Die Klägerin hat auch Anspruch auf Erstattung der Abmahnkosten in Höhe von jeweils 215,- € für beide Rechtsverletzungen gemäß § 97 a Abs. 1 S. 2 UrhG . Die Einschaltung eines Rechtsanwalts zur zweckentsprechenden Rechtsverfolgung ist bei Urheberrechtsverletzungen regelmäßig erforderlich, da einfache Fälle im Urheberrecht kaum angenommen werden können (Nordemann in Fromm/Nordemann § 97 a UrhG Rn. 38, 39).
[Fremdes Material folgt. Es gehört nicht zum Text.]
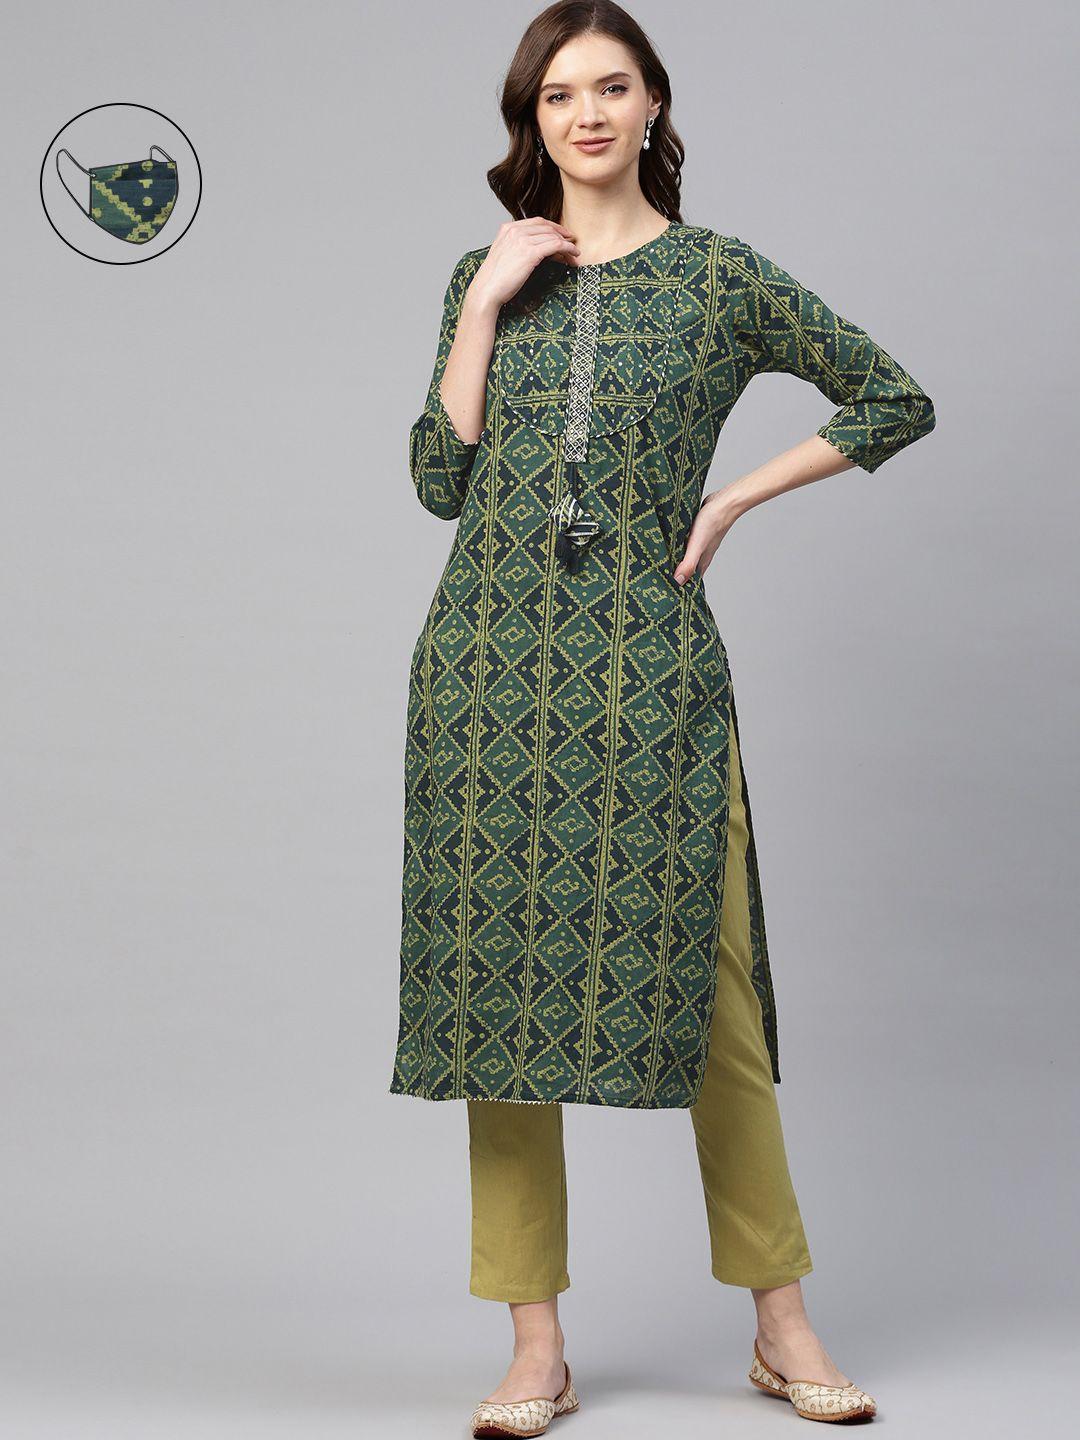 readiprint fashions women green bandhani printed kurta with trousers & face mask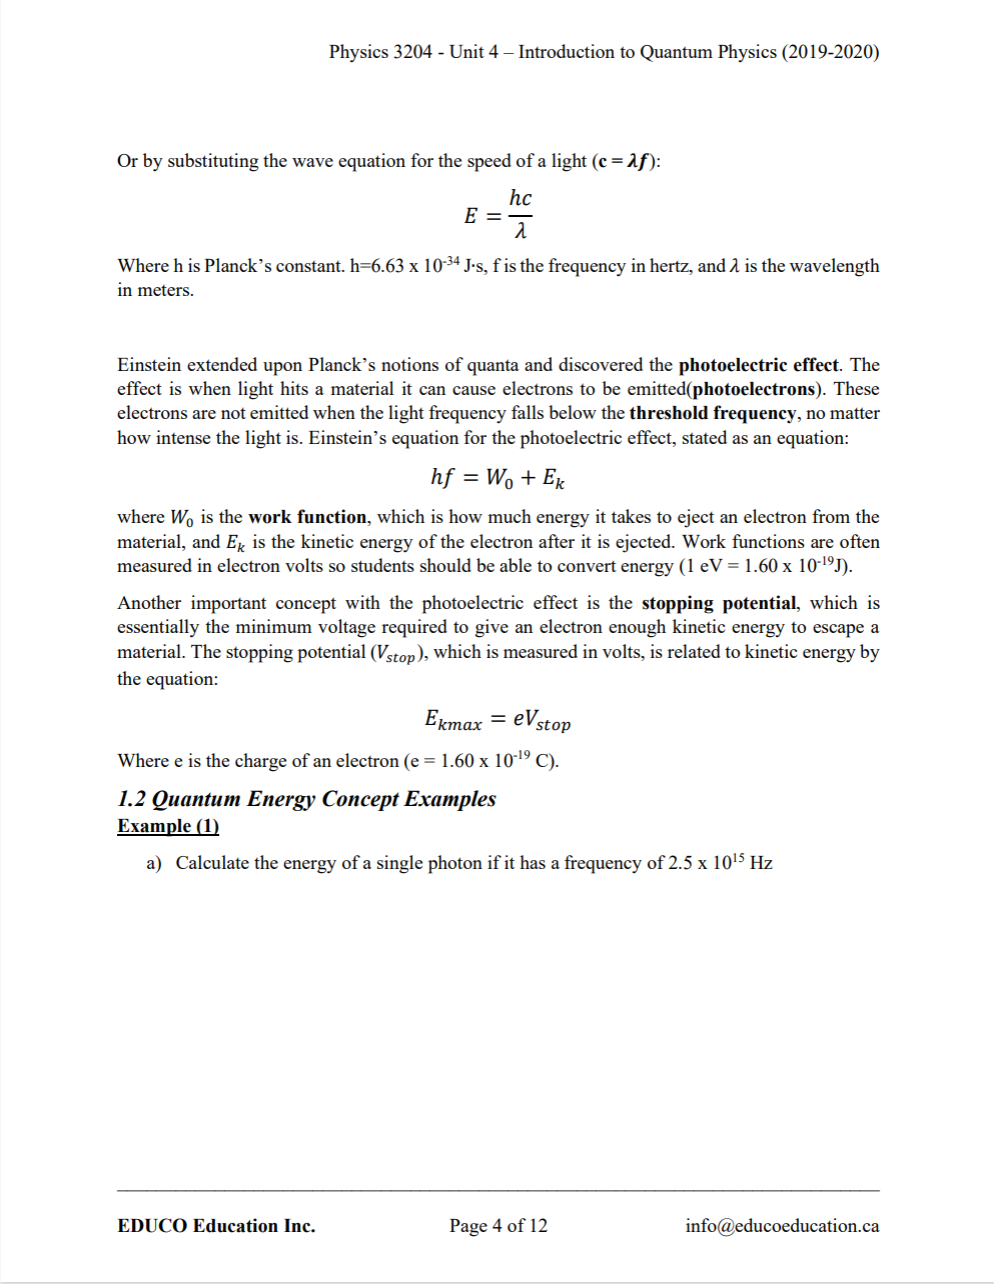 Unit 4: Introduction to Quantum Physics - Physics 3204 (Digital Download)

Eine Erstattungspflicht besteht auch, wenn sich der Rechtsanwalt selbst vertritt (Palandt/Grüneberg, BGB, 74. Aufl.; § 249 Rn. 57 m.w.N.). Soweit der Bundesgerichtshof im Falle des Selbstauftrags ausnahmsweise einen Kostenerstattungsanspruch verneint hat (BGH GRUR 2004, 789, 790), ist der entschiedene Fall, in dem es um einen einfachen Verstoß gegen die Berufsordnung der Rechtsanwälte ging, mit dem vorliegenden Sachverhalt nicht zu vergleichen. Da die Klägerin hier den untersten Gegenstandswert für den Unterlassungsanspruch nach § 97 a Abs. 3 UrhG angesetzt hat, ist auch die geltend gemachte Höhe der Abmahnkosten nicht zu beanstanden (zum sonst üblichen Gegenstandswert vgl. AG Düsseldorf a. a. 0. Rn. 21).

 

Der Zinsanspruch ist gemäß §§ 286, 288, 291 BGB begründet.

 

Die Nebenentscheidungen beruhen auf §§ 91, 93, 708 Nr. 11, 711 ZPO. Ein sofortiges Anerkenntnis seitens des Beklagten liegt nicht vor, da er bereits vorprozessual zur Zahlung des Schadensersatzes aufgefordert wurde.